# Real life to scale conversion



## swimmer_spe (May 3, 2016)

Is there an online calculator to tell me how large of layout needed to represent real life?

For example, in HO and in N, how many cm is 100 km of real life?


----------



## Lehigh74 (Sep 25, 2015)

Here is one for N scale. https://www.model160.com/scale-and-unit-convertsion-tool/

And one for any scale https://exactrail.com/pages/exactrail-calculator


----------



## Dennis461 (Jan 5, 2018)

Well, seems like a two part question.
The simple answer is HO, 87:1
Meaning a 87 foot long train would be 1 foot long.
A 40' boxcar is 40' dived by 87 or around 5.5 inches.

Now the complicated answer,
My town has a train line running through it.
When I stand at the crossing I can see 200 yards in both directions 
400 yards divided by 87 is around 13.8 feet.
So a truly scale model of my town would be a 13.8 foot long layout with no turns, no switches.

Not what I'm used to seeing in train shows, basements, Christmas displays, etc.

So we tend to hear terms like selective compression, which means I can put two track loops in my space for an oval layout which has scale models but it no a scale town.

If you get my meaning.

Now, let's have another poster reply and explain how scale mountains fit in my 8' ceilings!


----------



## CTValleyRR (Jul 26, 2014)

The answer is simple: 100 real kilometers would compress to 1.148 km (114,810 cm) in HO (1:87.1). You do better compressing to N (1:160) scale, which would make that same 100km take up a paltry 0.625km (62,500cm). Neither would fit inside a football stadium.

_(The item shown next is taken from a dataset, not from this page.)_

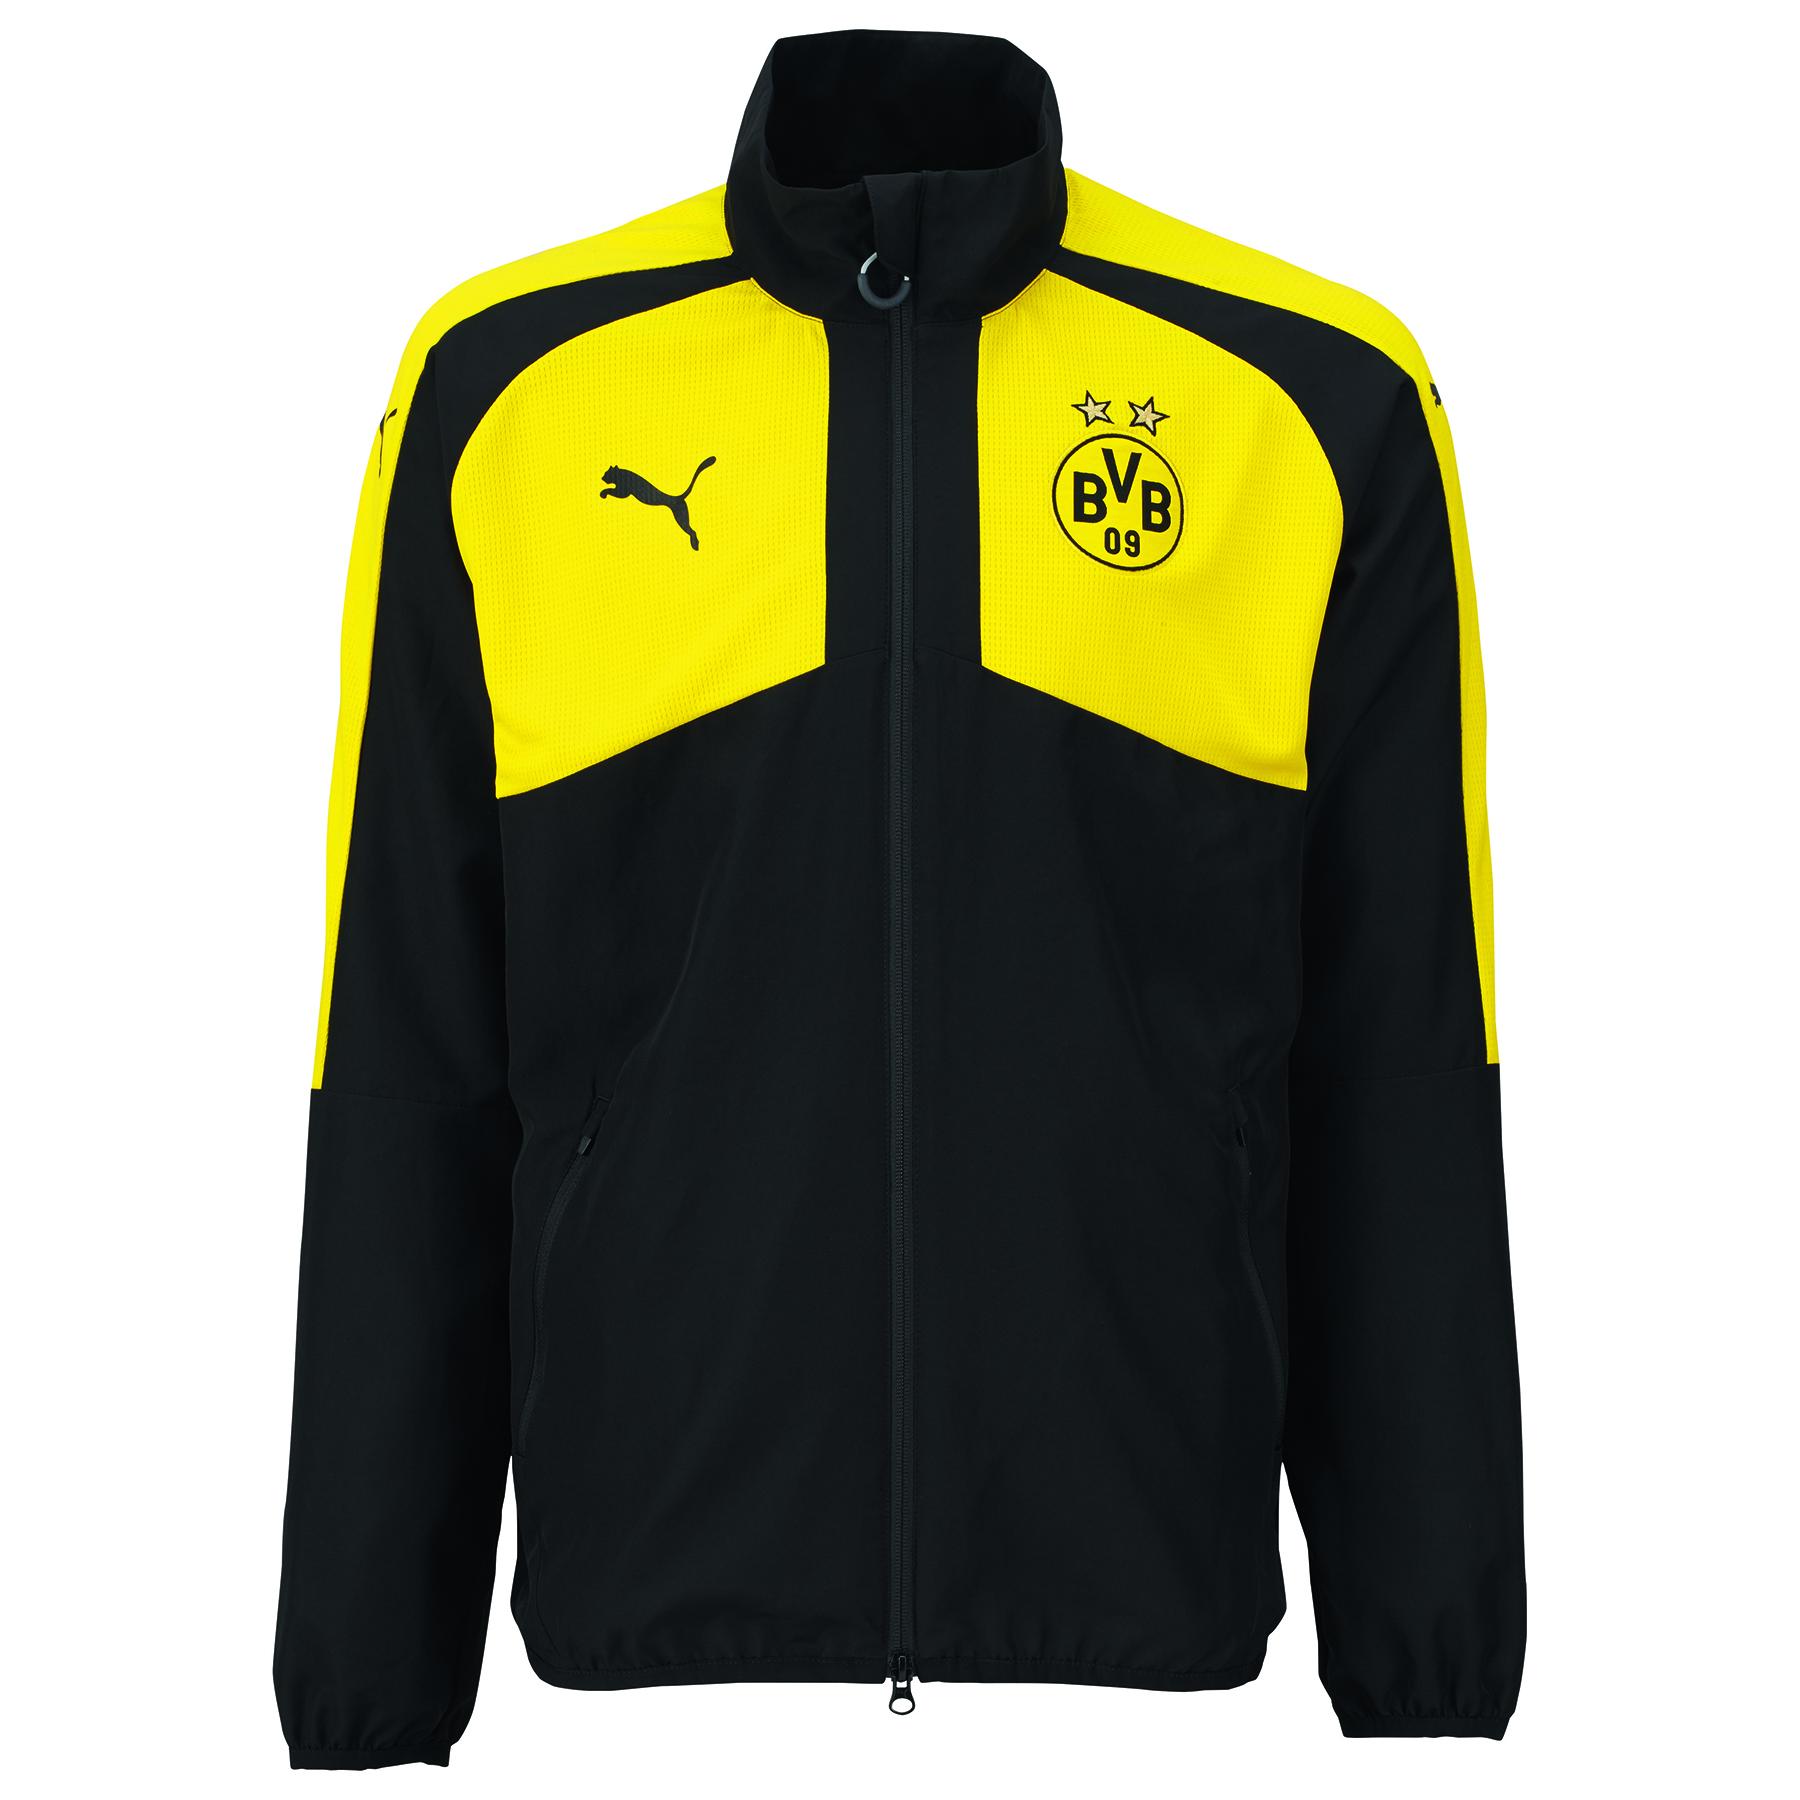 ec52c450a0051 Futbalové kluby (všetky) | Puma Borussia Dortmund BVB 09 mikina ...

Scale is a proportion of full size. Basically, in the space available to most of us, you can't create anything like a scale distance in miniature, unless it's of a very small area.


----------



## Gramps (Feb 28, 2016)

Selective compression is paramount in model railroading. If you wanted to model a small airport with a 1 Km runway (0.62 miles) in 1:87 you need over 3 feet if my math is correct.


----------



## Old_Hobo (Feb 20, 2014)

3.7664 feet, to be exact.....


----------



## Guest (Oct 3, 2018)

You've got the decimal point in the wrong place. A scale mile in HO is 60.6 feet. In N scale it's 33 feet. A scale kilometer in HO is 37.67 feet.


----------



## DonR (Oct 18, 2012)

All that math gives me a headache.

Much easier to use a true HO Scale ruler.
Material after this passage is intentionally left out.